Без эмоций и со всей серьезностью она протянула руку к его ширинке –
- Вялый… *** до твердости – ***.
Он отдернул ее руку и внезапно став серьезным, встряхнул ее за плечи.
- Ну что с тобой, Ирка??? Нельзя же так… - почему-то шепотом сказал он…
А Ирка, подобно марионетке с обрезанными веревочками, безмолвно упала на него и молча, без всхлипываний, заплакала… Только плечи тихонько тряслись…

Написать рассказ-обличенье времени, как тяжко креативным теткам в окруженье тех, кто думает что знает о жизни все? А полноте, кому это нужно? Девочка Ира в середине рассказа перережет себе горло, так и не научившись ходить на каблуках, ее спутник станет обладателем осеребрившихся висков, что так украсит его имидж…
А я все так же буду жать на кнопки, выдавая новые «дамские» рассказы.

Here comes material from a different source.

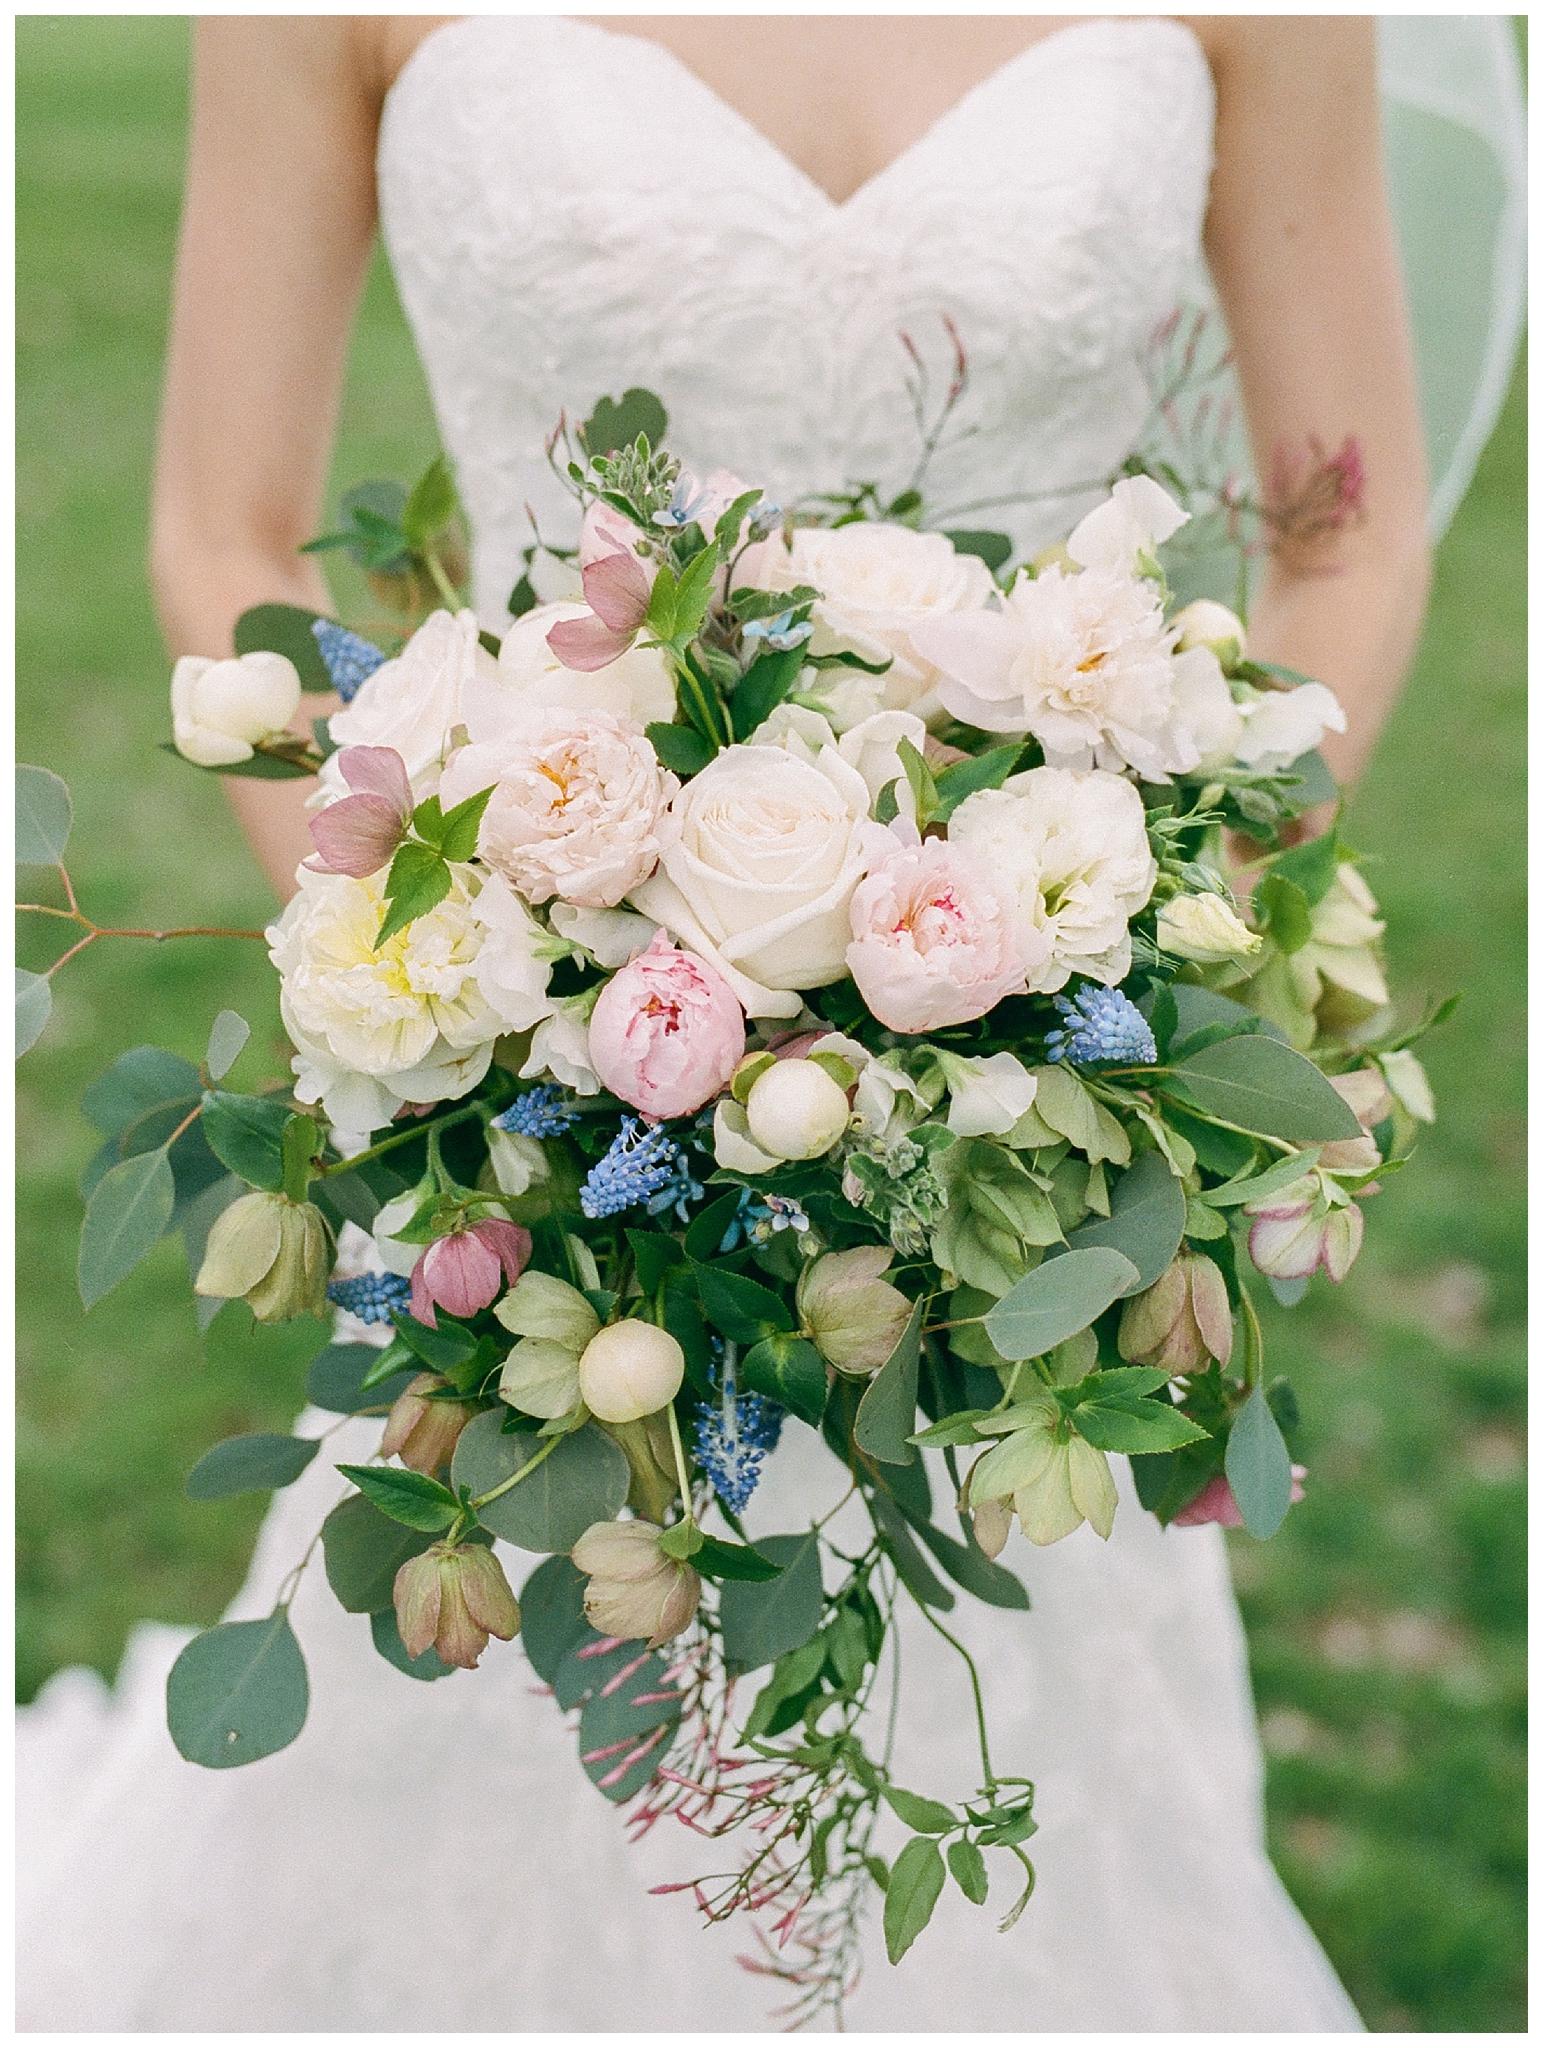 white-oaks-barn-dahlonega-wedding-photographer-christina-pugh_0012.jpg

- Привет. Чем занимаешься?
- Масяню смотрю: «в небе ангелоооочки пархают как цветочкииии»… Что приготовить на ужин?
- Мсяо.
- Скоро придешь?
- Через час.

Несколько нажатий на кнопки клавиатуры, «яндекс- деньги», надо же, откуда то бабло. А, заплатили за статьи о погибшем поэте. У поэта при жизни не было ни гроша, он вечно стрелял у Ирки сигареты и напрашивался на ужин, который сам же и готовил из ее продуктов;  стоило повеситься, и все срочно стали зарабатывать на нем деньги. И она, выходит, до кучи, с ними же, сколько там денег-то? Месяцев пять можно жить, слезы оказывается, оплачивают щедро.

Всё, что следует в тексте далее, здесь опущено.